Effect of replacement sweeps
The effect of replacement is again illustrated with the three-continent model (Fig 3), using the same p=0.05 and M of four mutations per time step as before. ΔFcrit is set at 10, so the genome of a deme is fully replaced by that of its neighbour if that neighbour has at least 10 mutations more.
In the absence of assortative mating (α=0), fitness increases steadily, especially in the centre of the model, until gradients exceeding ΔFcrit are reached (at t=274 in Fig 3A). This typically happens somewhere between the centre and the margin. This is because, although fitness is highest in the centre, gradients are generally low here. Gradients are highest near the margins, where fitness is lower than in the centre. As a result, replacements first sweep the margins of the model (t=274), skirting the high-fitness centre (for example at t=296). Demes in the swept area with a single genome subsequently exchange alleles with the unswept demes, which rapidly leads to genomes with enhanced fitness again, and, hence, new sweeps (t=299). A rapid succession of admixture and replacement sweeps leads to homogenisation of the genome over the whole area. Although the new global genome is closest to that of the centre of the model, there are significant changes by admixture during the various successive sweeps.
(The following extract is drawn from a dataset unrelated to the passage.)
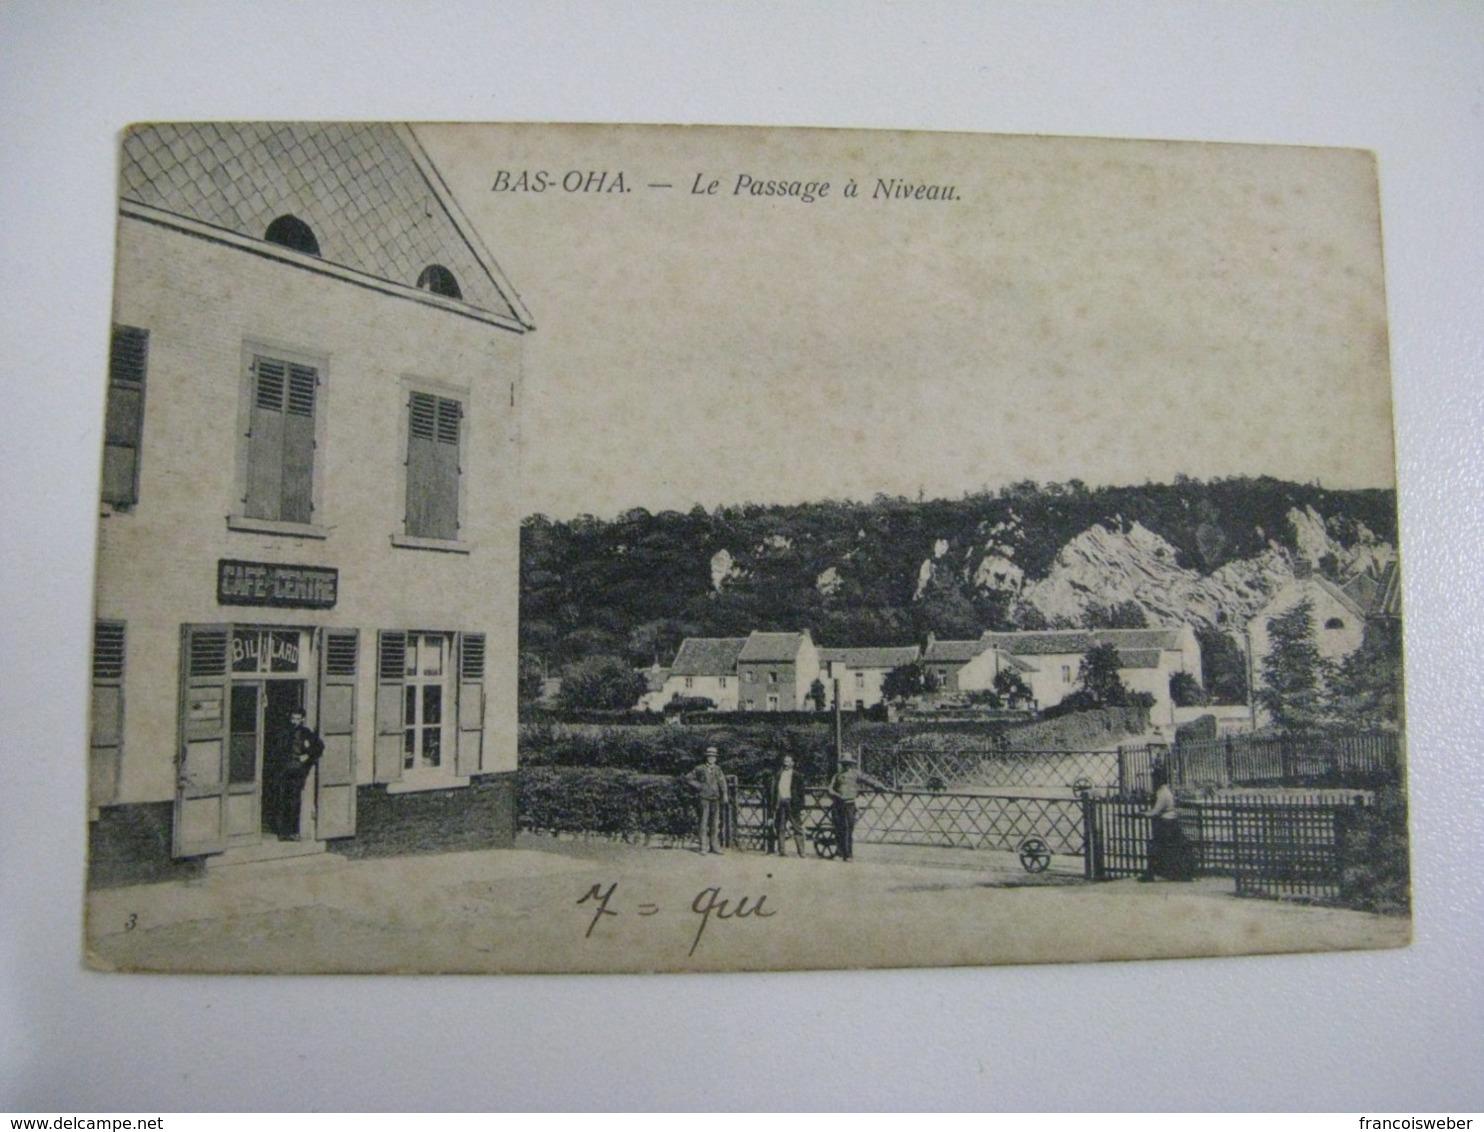 Ancien Carte Postale De Bas-oha Passage A Niveau - Autres

After homogenisation of the genome, it takes some time for gradients to develop again to initiate a new cycle of replacement sweeps. This leads to a regular cycle of 200-300 time steps of differentiation without any sweeps, followed by a rapid succession of many small and a few large sweeps that sweep almost the whole model area (Fig. 3A). This pattern is in line with the punctuated-equilibrium model [68–70]. Reducing the resolution by a factor two, while keeping all other parameters the same, implies reducing the population density and the frequency of mutations in the model by a factor four. Gradients now increase at a lower rate and the duration of a full cycle is roughly doubled (Fig 3B). Doubling the resolution has the opposite effect and leads to a reduction of the cycle time (Fig 3C). Independent of resolution, admixture results in several large sweeps that together reset the genomes in the whole area.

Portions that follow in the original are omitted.